> Excerpted records:

==================================================

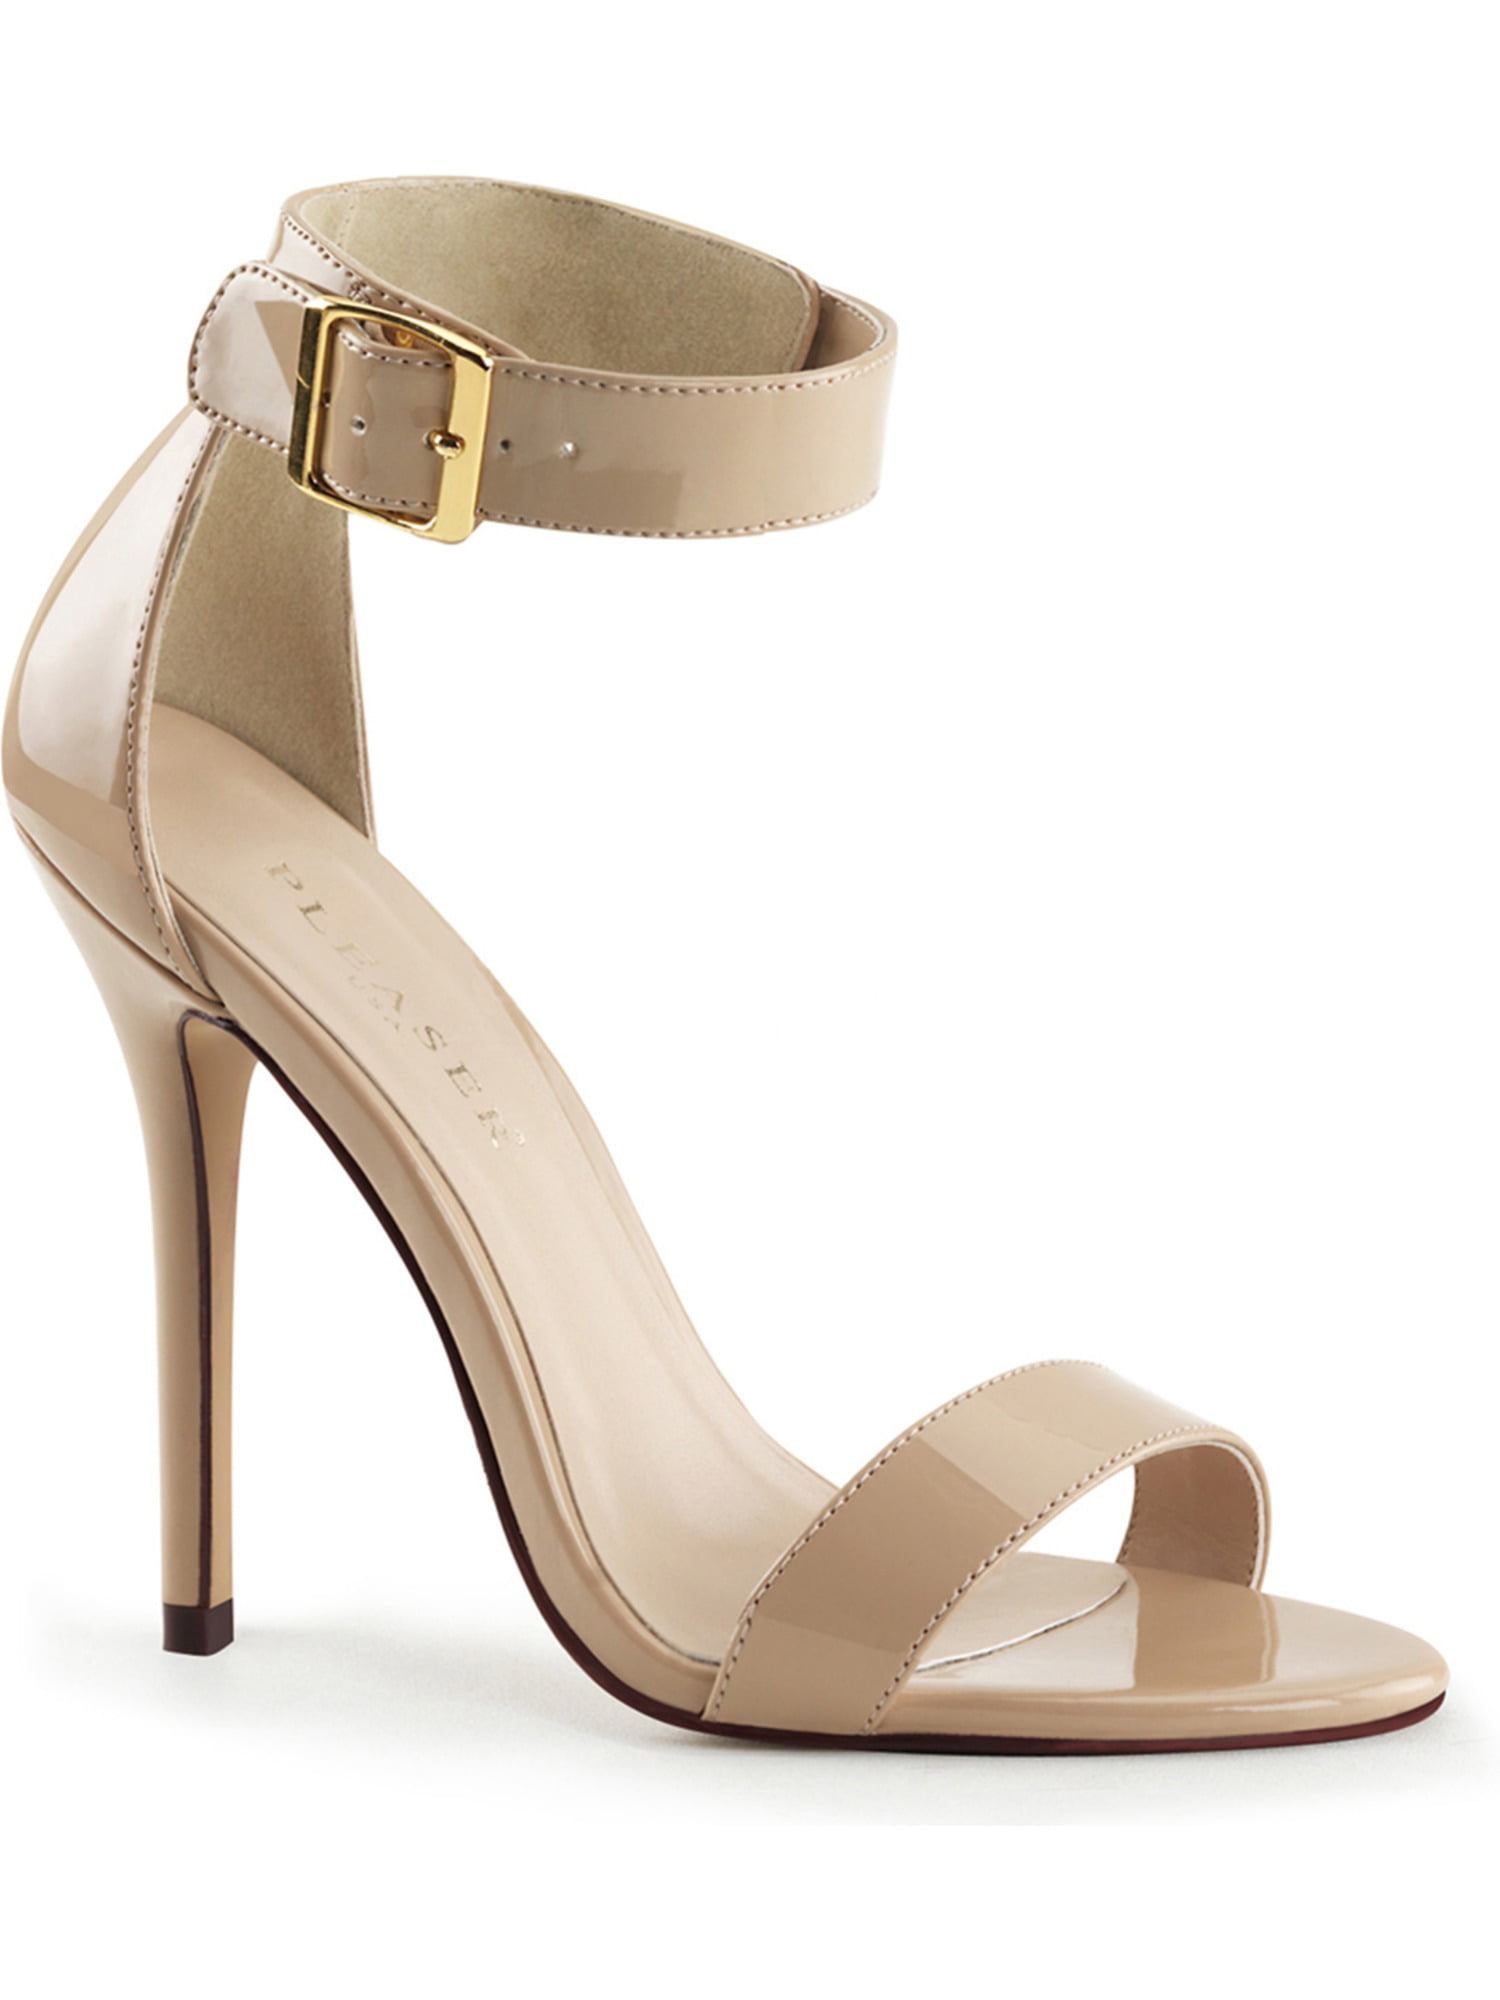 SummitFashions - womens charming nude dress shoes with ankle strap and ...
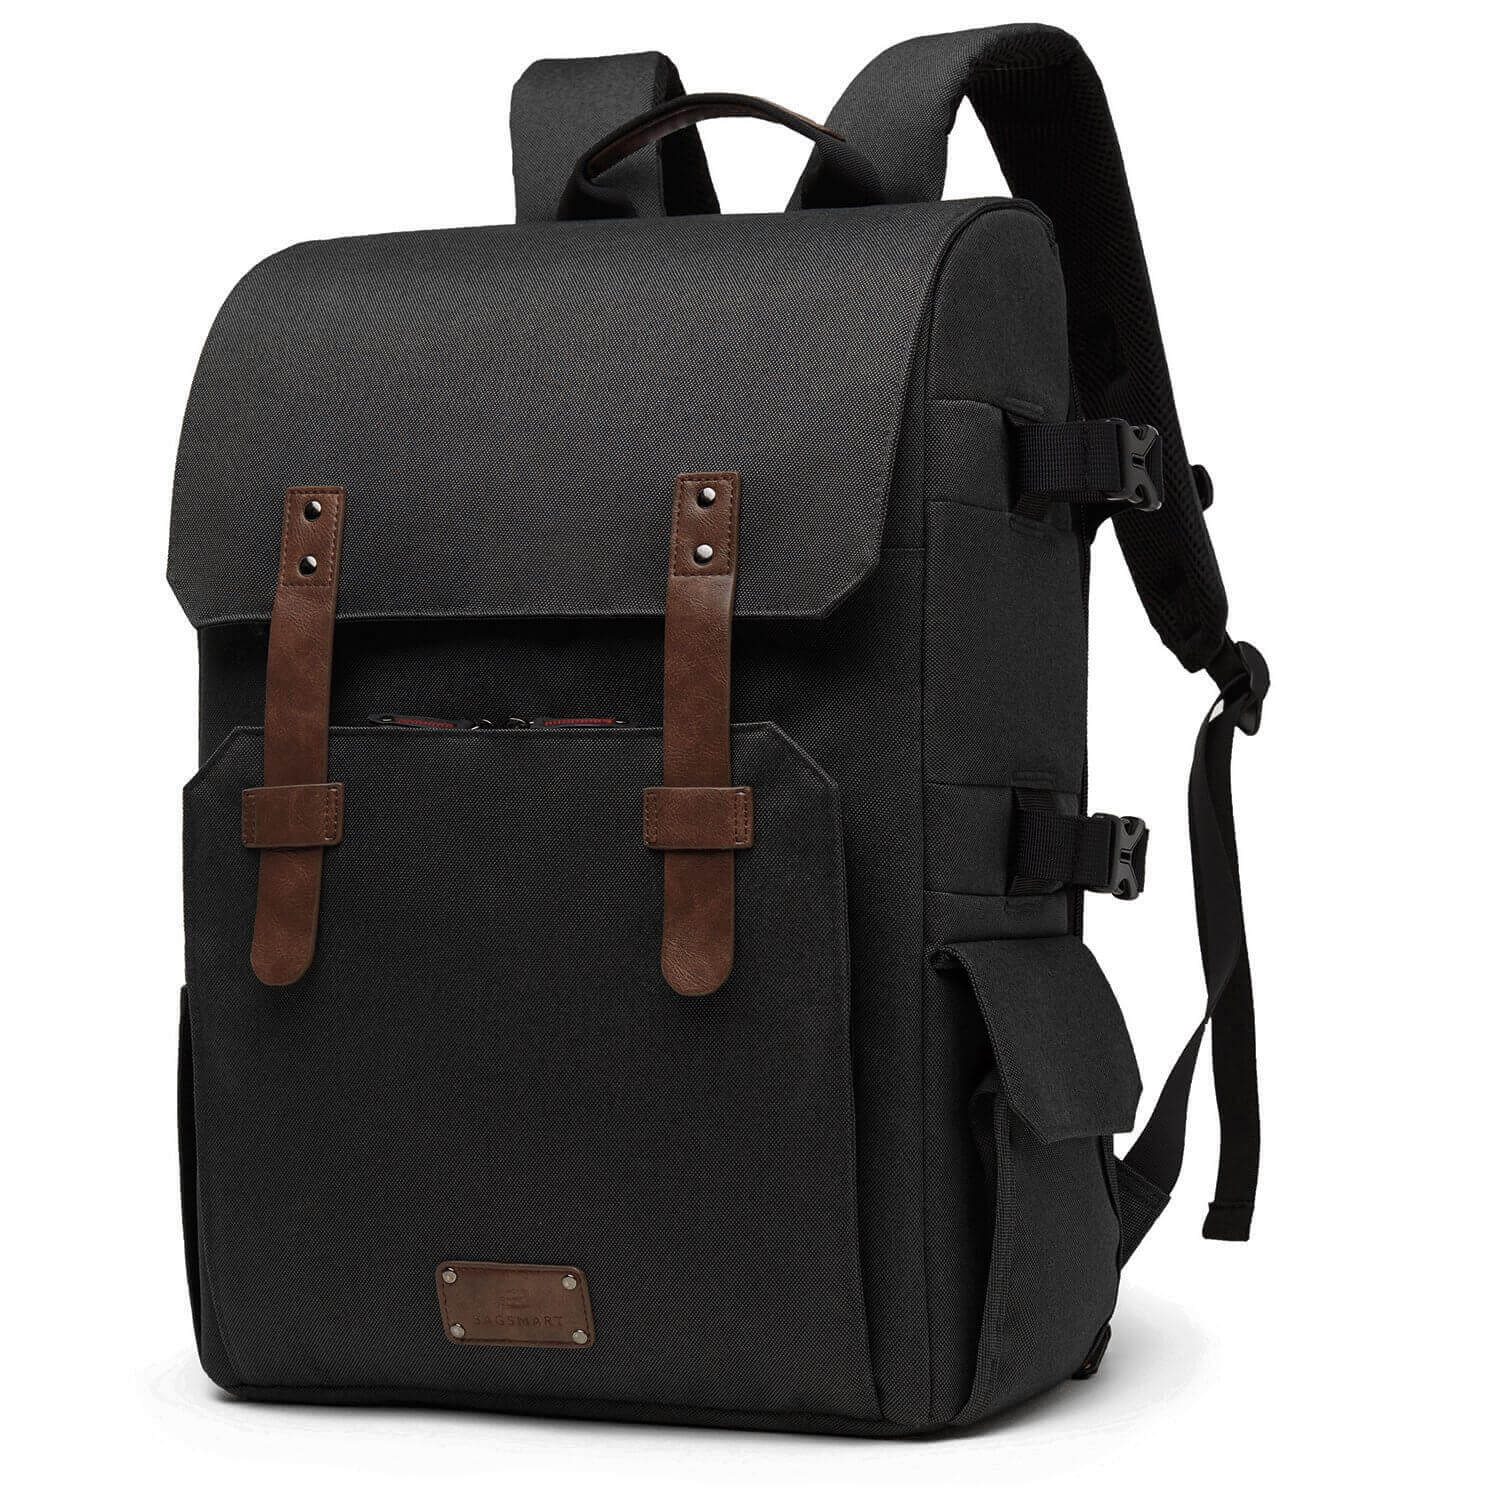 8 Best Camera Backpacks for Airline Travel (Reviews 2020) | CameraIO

==================================================

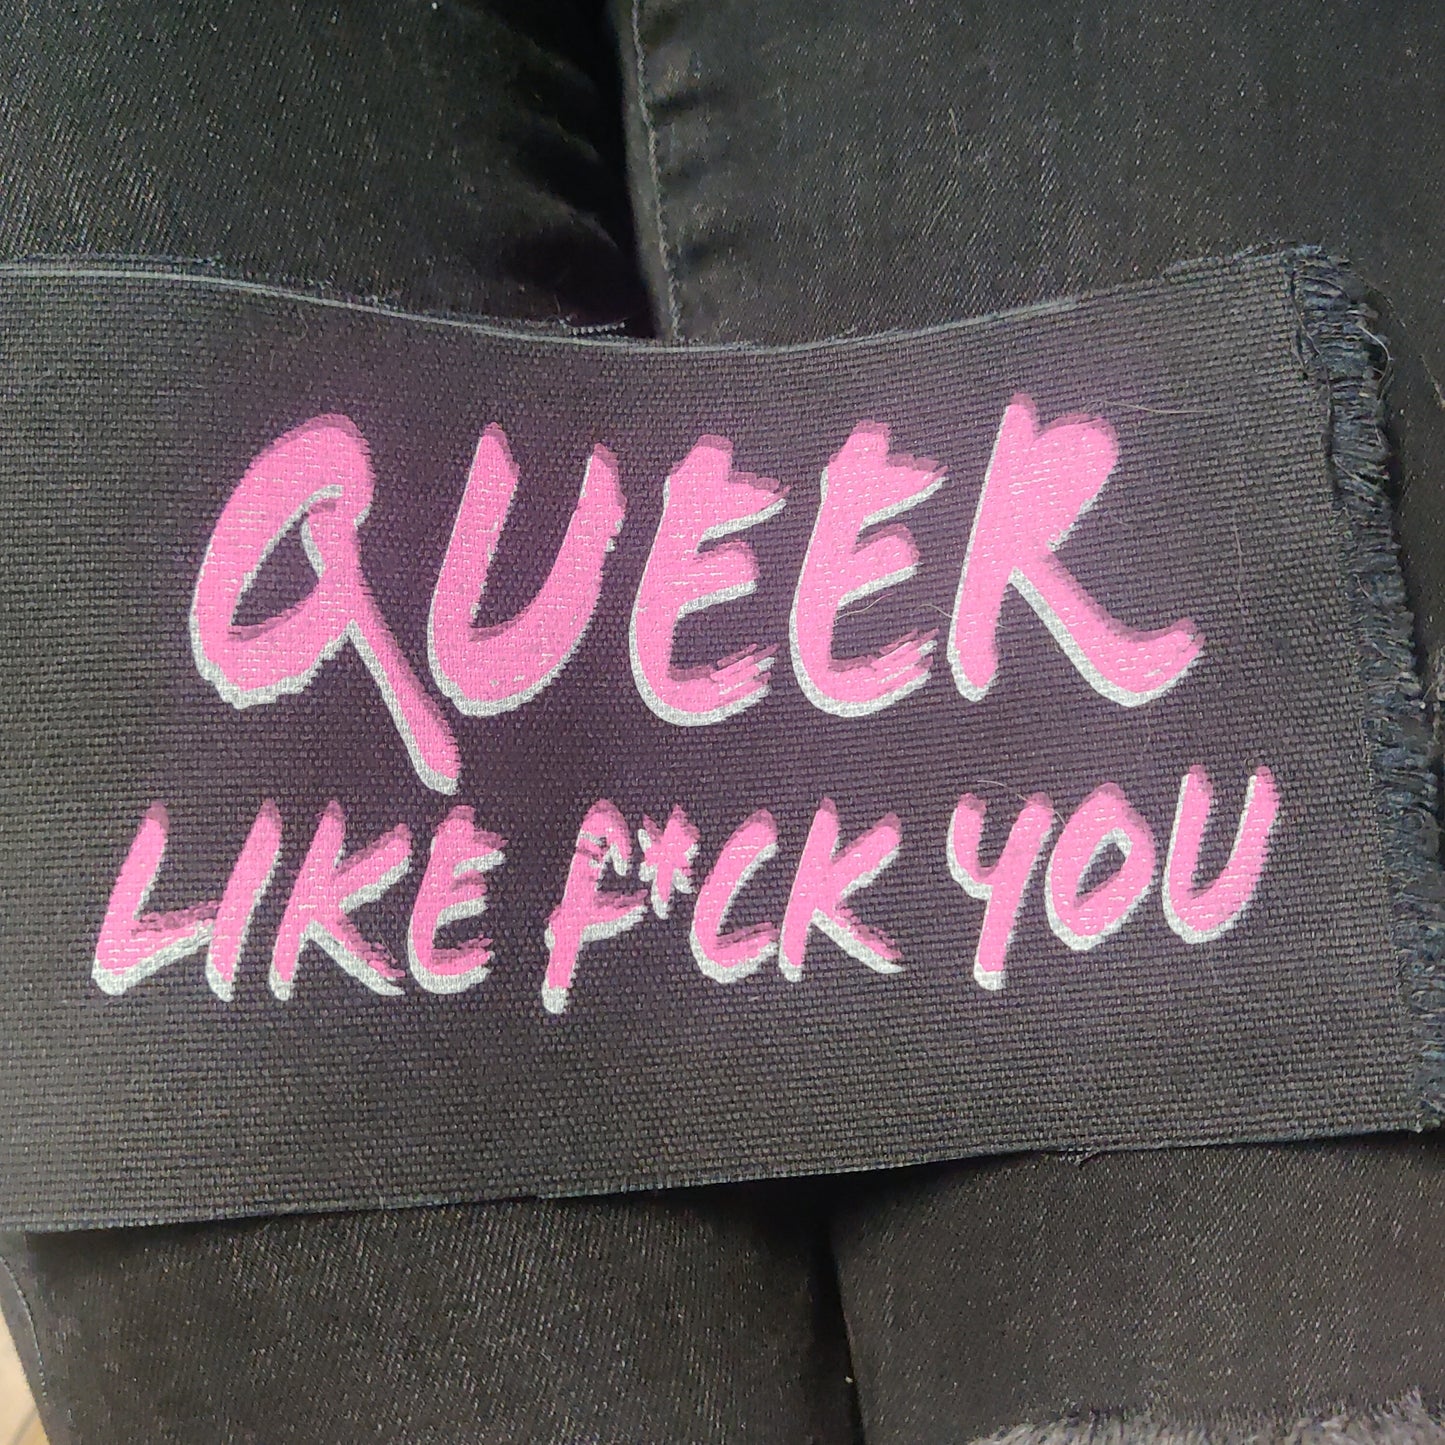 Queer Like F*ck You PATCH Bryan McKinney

==================================================

> What you need to do:
Set the pictures aside and reproduce exactly the lines above, from the line holding "SummitFashions - womens" through the line holding "8 Best Camera", both included, with nothing else.

> Response:
 SummitFashions - womens charming nude dress shoes with ankle strap and ...
 8 Best Camera Backpacks for Airline Travel (Reviews 2020) | CameraIO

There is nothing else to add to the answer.